Dumbledore now has a clear path to defeating Voldemort: use Harry Potter as the ultimate weapon against the Dark Lord. Yet there remains a problem, in that Harry is only one year old. How can a child so young be expected to kill Voldemort? What’s more, Voldemort is actively seeking to nullify the prophecy by making sure that Harry doesn’t survive long enough to become a threat. Dumbledore’s only solution is to find a way to protect Harry until he is old enough to defeat Voldemort.
It is at this point that Dumbledore decides to use Old Magic to protect Harry. He informs the Potters that they and their infant son are in danger, and advises that they go into hiding through use of a Fidelius Charm. Yet for Dumbledore’s plan to succeed, the Charm needs to be circumvented. At this point, the Marauders are already aware that there is a traitor in their midst. Dumbledore offers to be the Potters’ Secret Keeper, making out that he is worried about them using Sirius as their Secret Keeper for fear that said traitor would be able to betray the Potters’ location to Voldemort (POA10). Surely it is Dumbledore’s worry over the prospect of him being the Potters’ Secret Keeper that influences Sirius to tell James to change the Secret Keeper to Peter at the last minute (POA19). It is certainly no stretch of the imagination to believe that Dumbledore knew that Peter was in fact the traitor, and that influencing Sirius to step down as the Secret Keeper would result in Peter’s eventual betrayal of the Potters.

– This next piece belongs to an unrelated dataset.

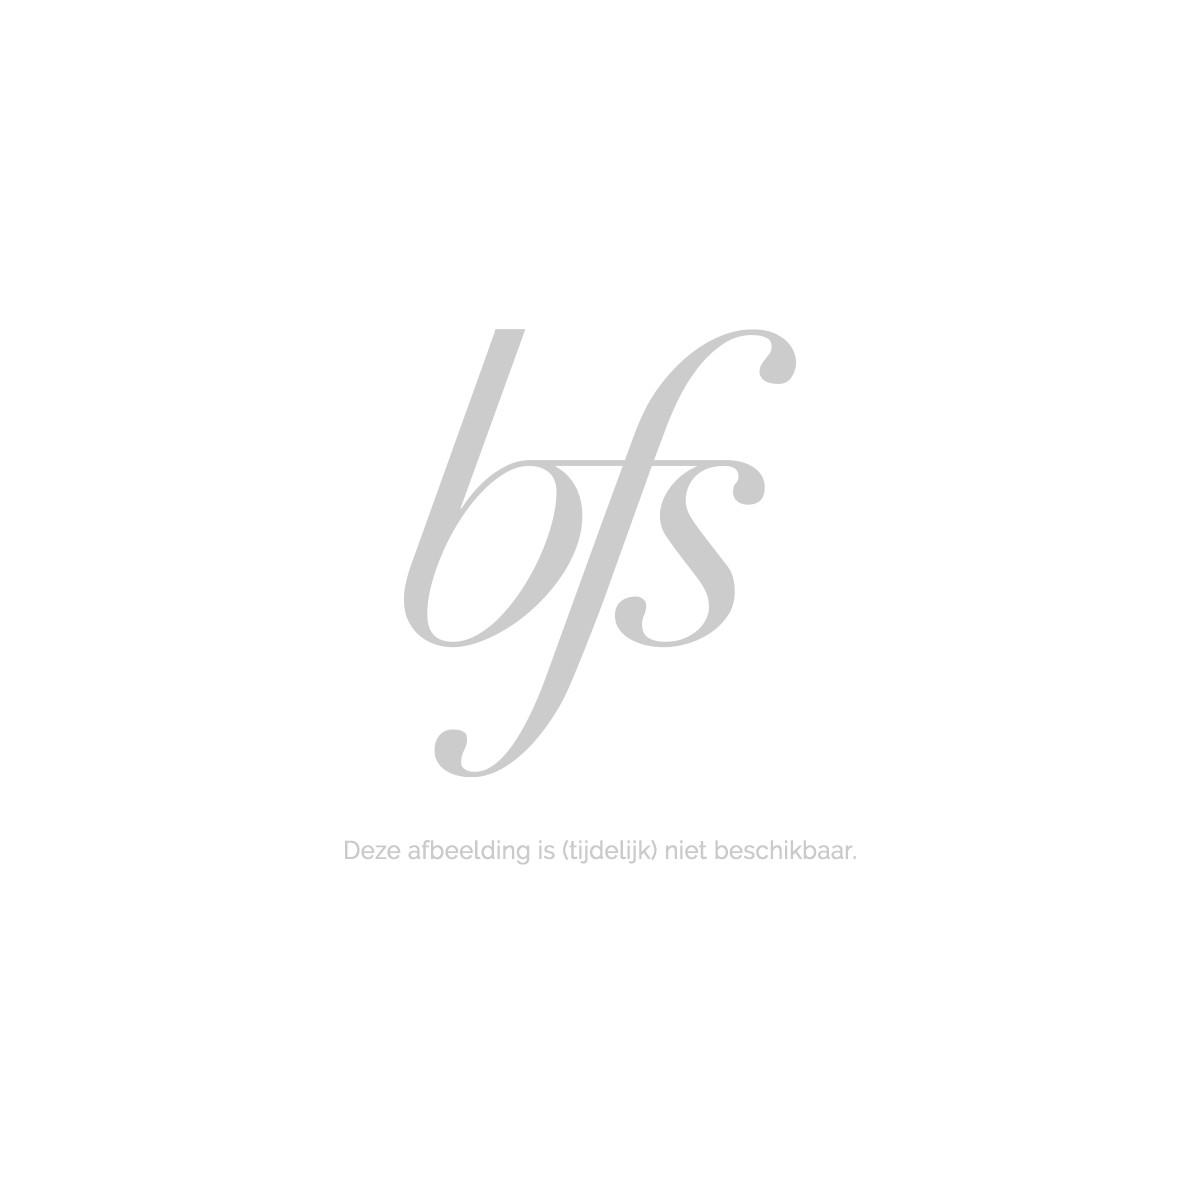 Balm Balm Perfume Ylang Ylang 33Ml

Once the fragile Fidelius Charm is in place, it is simply a matter of waiting. Peter will eventually tell Voldemort where the Potters are, Voldemort will then attack the Potters, and Harry will be placed under the protection of Old Magic in the form of his parents’ sacrifice which will keep him safe from Voldemort until he is old enough to be Dumbledore’s ultimate weapon in the Wizarding War.
In this sense, the Potters’ deaths become integral to Dumbledore’s plan once the prophecy has been given. While it would no doubt not have been Dumbledore’s first course of action, it did indeed become his only course of action, and at that point he would not have hesitated in following it through. And, in the end, Dumbledore’s plan worked.